__WHAT YOU WILL DO__
Transcribe the data exactly. Pictures stay out.
[STORED DATA]
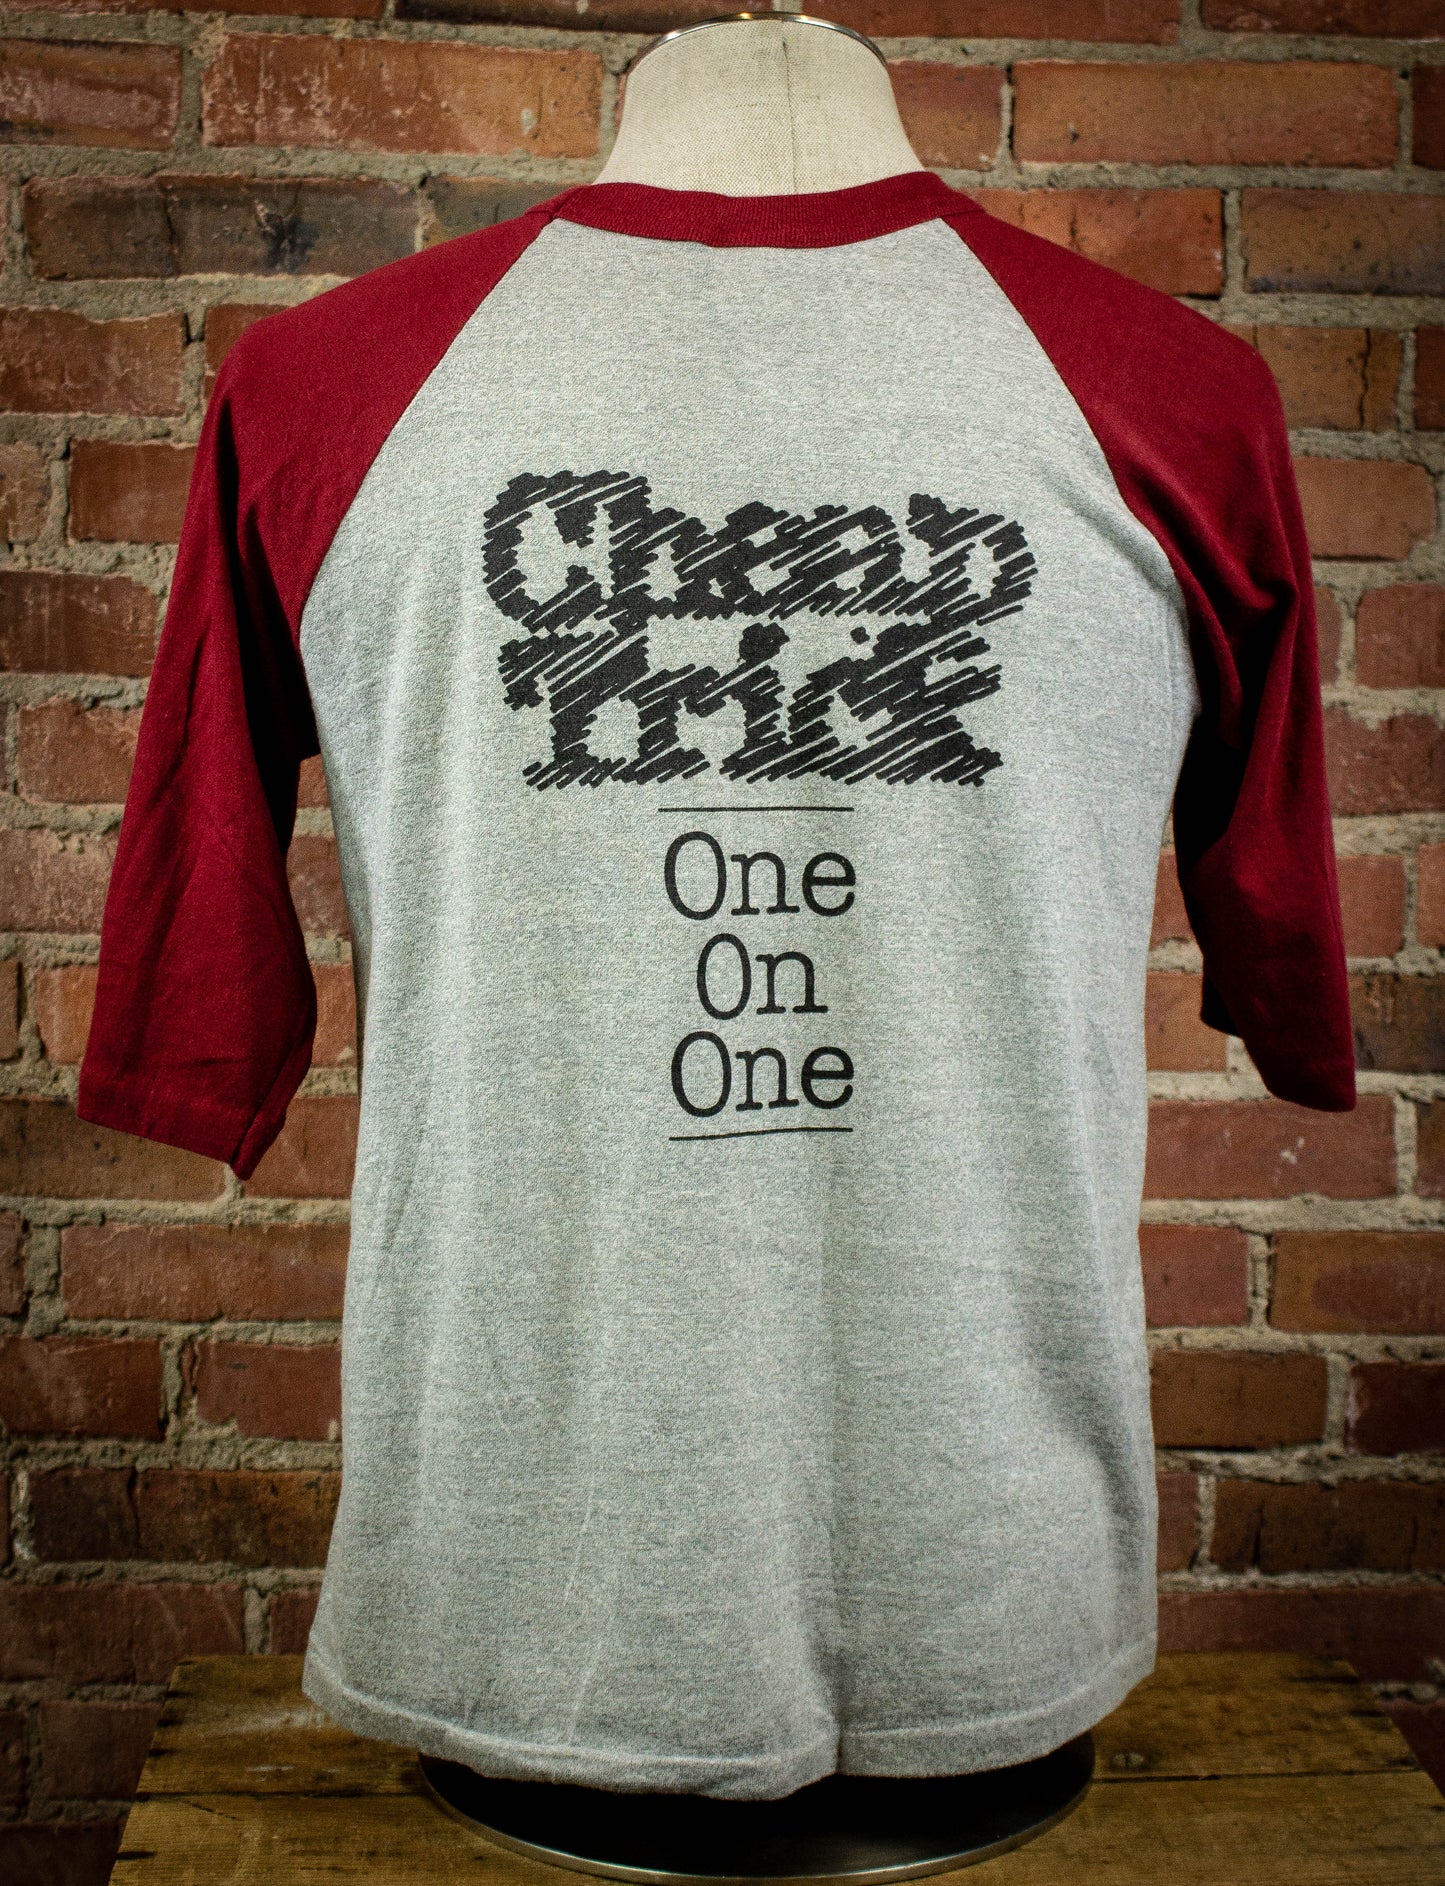 Vintage 1982 Cheap Trick One on One Tour Jersey Unisex Large
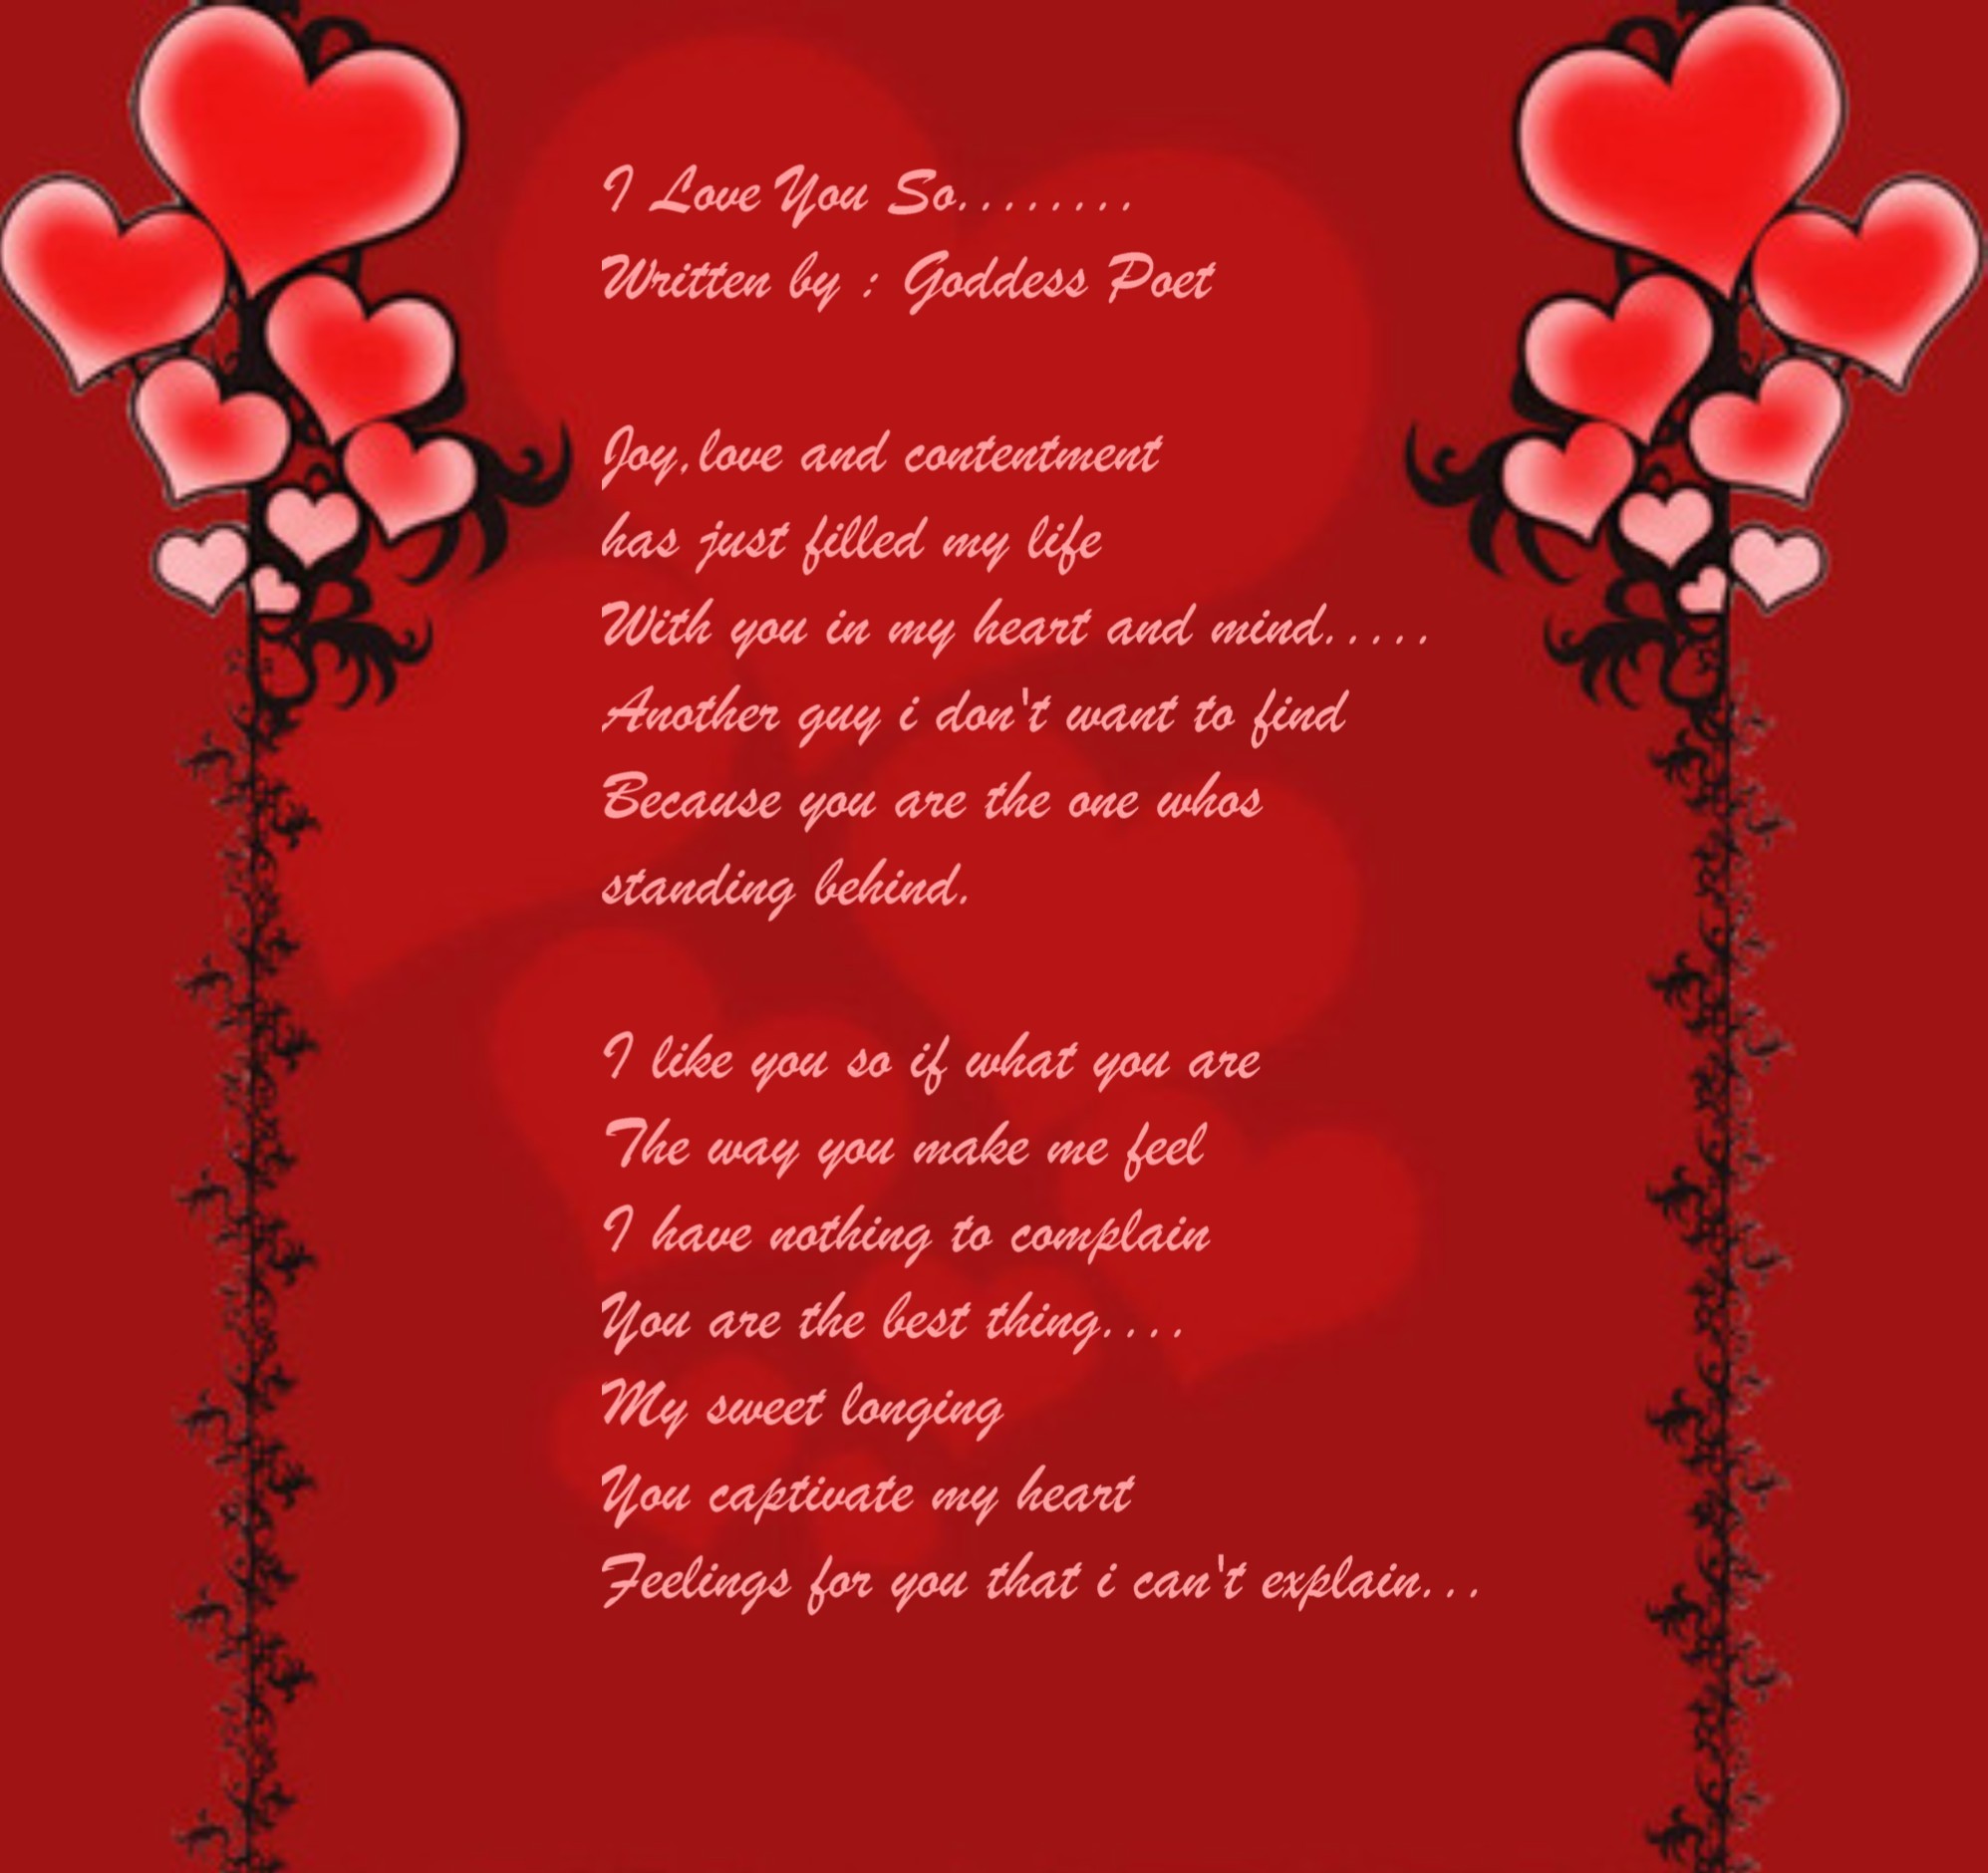 Love Poem Inspirational Quotes
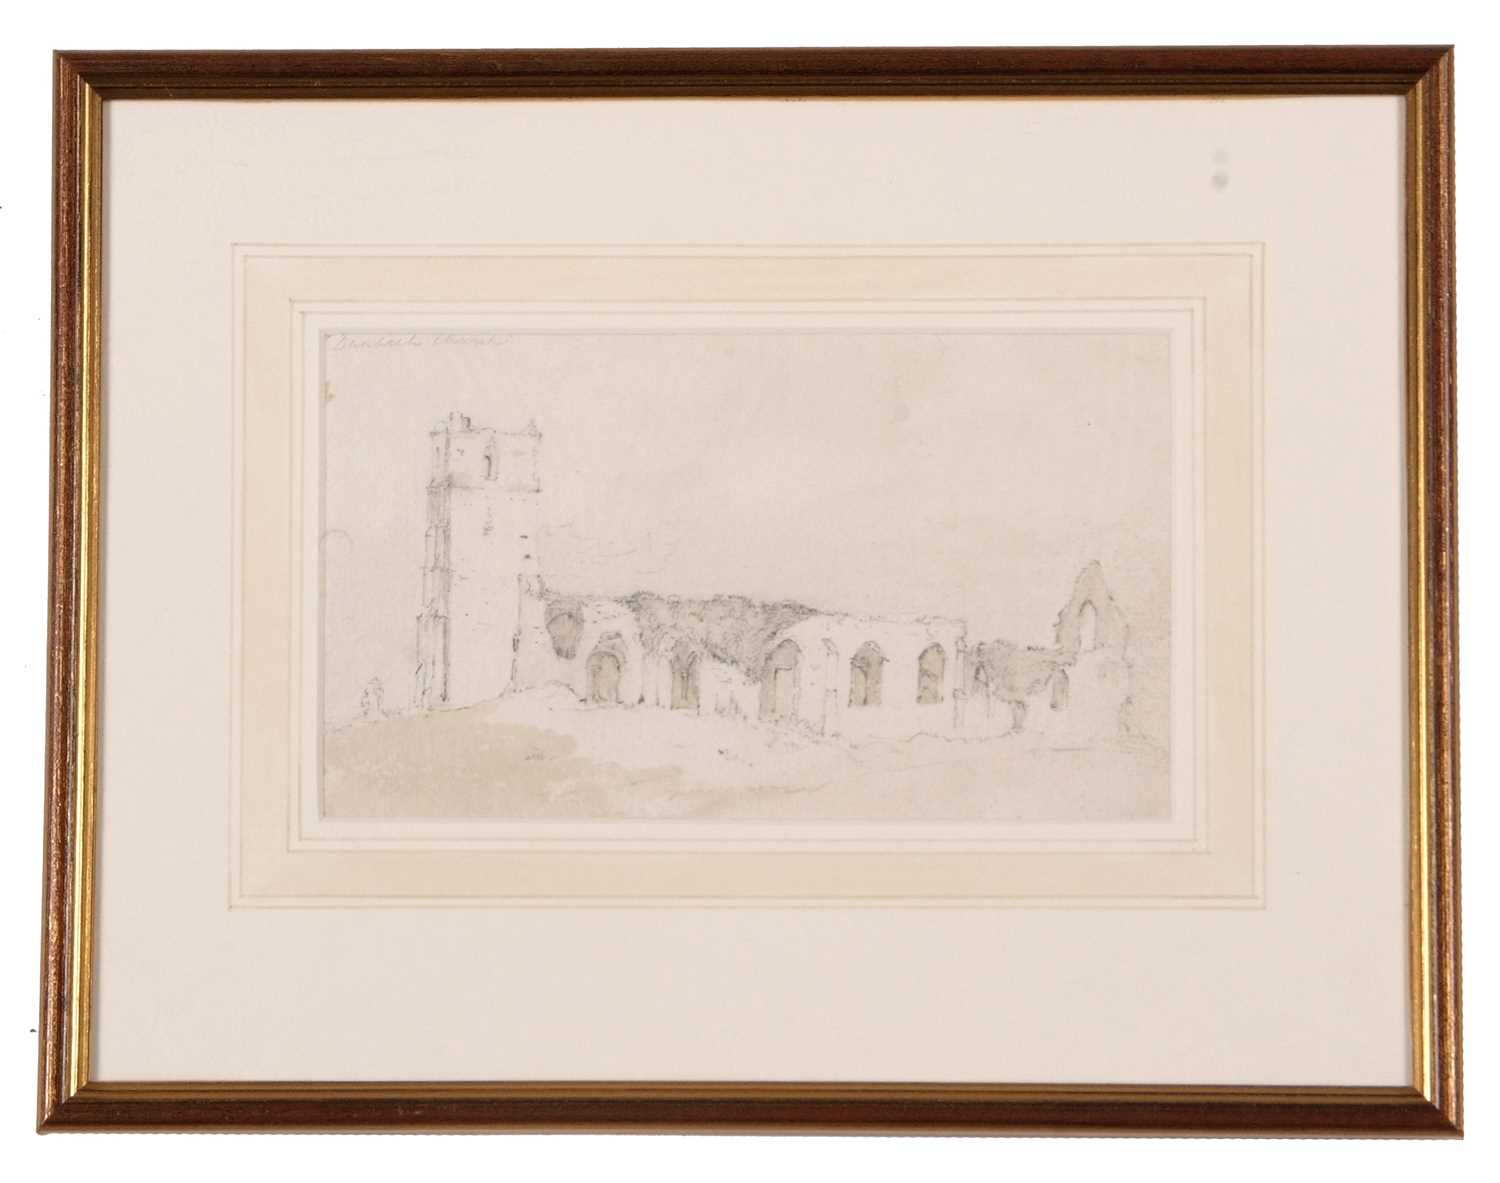 Attributed to John Sell Cotman (1782-1842), 'Dunwich Church', pencil and wash, inscribed 'Dunwich - Image 2 of 2
[/STORED DATA]
__ANSWER AREA__
 Vintage 1982 Cheap Trick One on One Tour Jersey Unisex Large
 Love Poem Inspirational Quotes
 Attributed to John Sell Cotman (1782-1842), 'Dunwich Church', pencil and wash, inscribed 'Dunwich - Image 2 of 2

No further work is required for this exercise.